Entries combine biological information about the molecular function, biological processes, cellular location and pathways of a complex with information about its constituents (proteins, nucleic acids, small molecules and polysaccharides), topology, stoichiometry and structural assembly. Structured information about complex ligands, diseases they are involved in and drugs they act as targets for is also added to appropriate entries. The use of the Evidence Code Ontology (13) allows us to indicate for which entries direct experimental evidence is available in a molecular interaction databases, such as IntAct (www.ebi.ac.uk/intact), or if the complex has been modelled from more limited evidence, or inferred from component sequence homology or orthology.

CONTENT

Coverage

The Complex Portal contains complexes from more than 10 model organisms, with a current emphasis on human, mouse, Saccharomyces cerevisiae and Escherichia coli. The working definition of a stable protein complex is an entity that contains two or more macromolecules that can be co-purified and for which there is evidence (experimental or inferred) that these molecules interact with each other and have a demonstrated biological or MF. The definition currently specifically excludes more transient interactions, such as enzyme-substrate and receptor-ligand complexes, unless the binding of the substrate or ligand is required for complex formation to occur, e.g. PDGF receptors only dimerize when the ligand binds so the tetrameric receptor-ligand complex has been curated (EBI-9080360), in contrast to the dimeric receptor which does not exist in vivo. Nucleic acids are only included in the list of participants if they are integral to the formation of the complex (e.g. DnaA-DNA complex, EBI-6552438).
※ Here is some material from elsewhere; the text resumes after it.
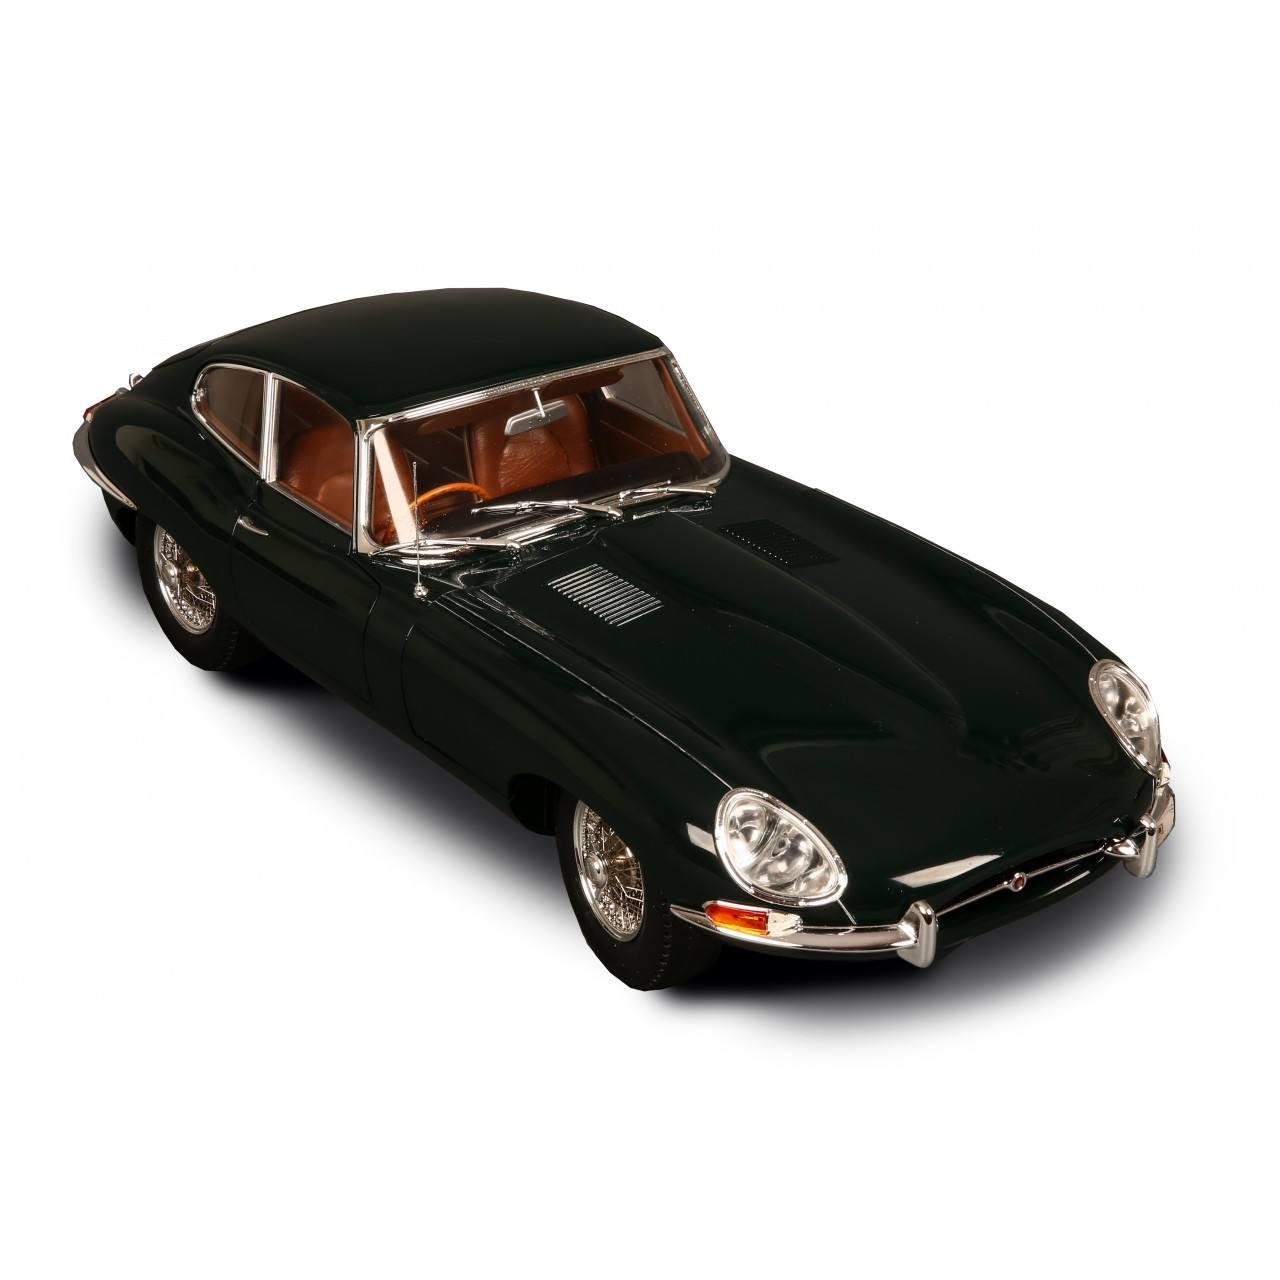 Jaguar jaguar e : Build the Jaguar E-Type | ModelSpace

Similarly, small molecules, such as cofactors, are captured when stably bound into complexes. Homology modelling is only allowed across closely related species (e.g. mammals), as one use case for this resource is to enable the study of the evolution of protein complexes and highlight examples where function but not subunit content may have been conserved, or vice versa. As indicated above, modelled or inferred complexes are clearly marked using the evidence ontology terms and may be filtered out from experimentally verified data using a simple query.

Quality control

As with IntAct and many other manually curated databases, each entry is checked by a second curator before it is released, enabling the provision of highly accurate and up-to-date information. However, no data set can claim to be totally error-free and new information is constantly being published. Therefore, the user is encouraged to feedback, or request curation of a specific complex via the <Feedback> button on the website or by directly emailing intact-help@ebi.ac.uk.

Search

The portal query interface allows users to search the complex information based on the identifier, name or synonyms of the complex or of the individual components (proteins, nucleic acid or small molecules) present in the complex as well as cross-references and species of complexes. Users can search for a single term or a mix of terms. The latter can be of the same or different kind, such as a single UniProt ACs, a list of mixed protein and gene identifiers, a complex name and its species or a GO ID (e.g. GO:0016491). The use of wildcards (‘?’ and ‘*’) has been enabled, e.g. for a search of isoforms of ‘Q07817’ search with ‘Q07817*’. Blanks in search strings are by default interpreted as ‘OR’. For more precise searches use the Boolean operators ‘AND’ and ‘NOT’, use prepends ‘+’ (= AND) or ‘-’ (= NOT), or use parentheses () or double quotes (“) to specifically separate or combine certain terms (e.g. <‘nuclear pore’> is more precise than <nuclear AND pore> which is more precise than <nuclear pore> as the latter equals <nuclear OR pore>). More refined searches can be performed using the Complex Query Language, CQL. CQL has been specifically designed for searching complexes but has retained those fields that overlap with the Molecular Interactions Query Language, MIQL, such as ID, alias, species, biological role and feature type. More detail on the search options can be found at http://www.ebi.ac.uk/intact/complex/help/. The search results can either be filtered or a particular entry can be selected in order to view its details. Currently, it is possible to filter by species, and by biological role (e.g. enzyme) and interactor type (e.g. protein) as defined using the Proteomics Standards Initiative - Molecular Interactions Controlled Vocabulary (PSI-MI CV) (14).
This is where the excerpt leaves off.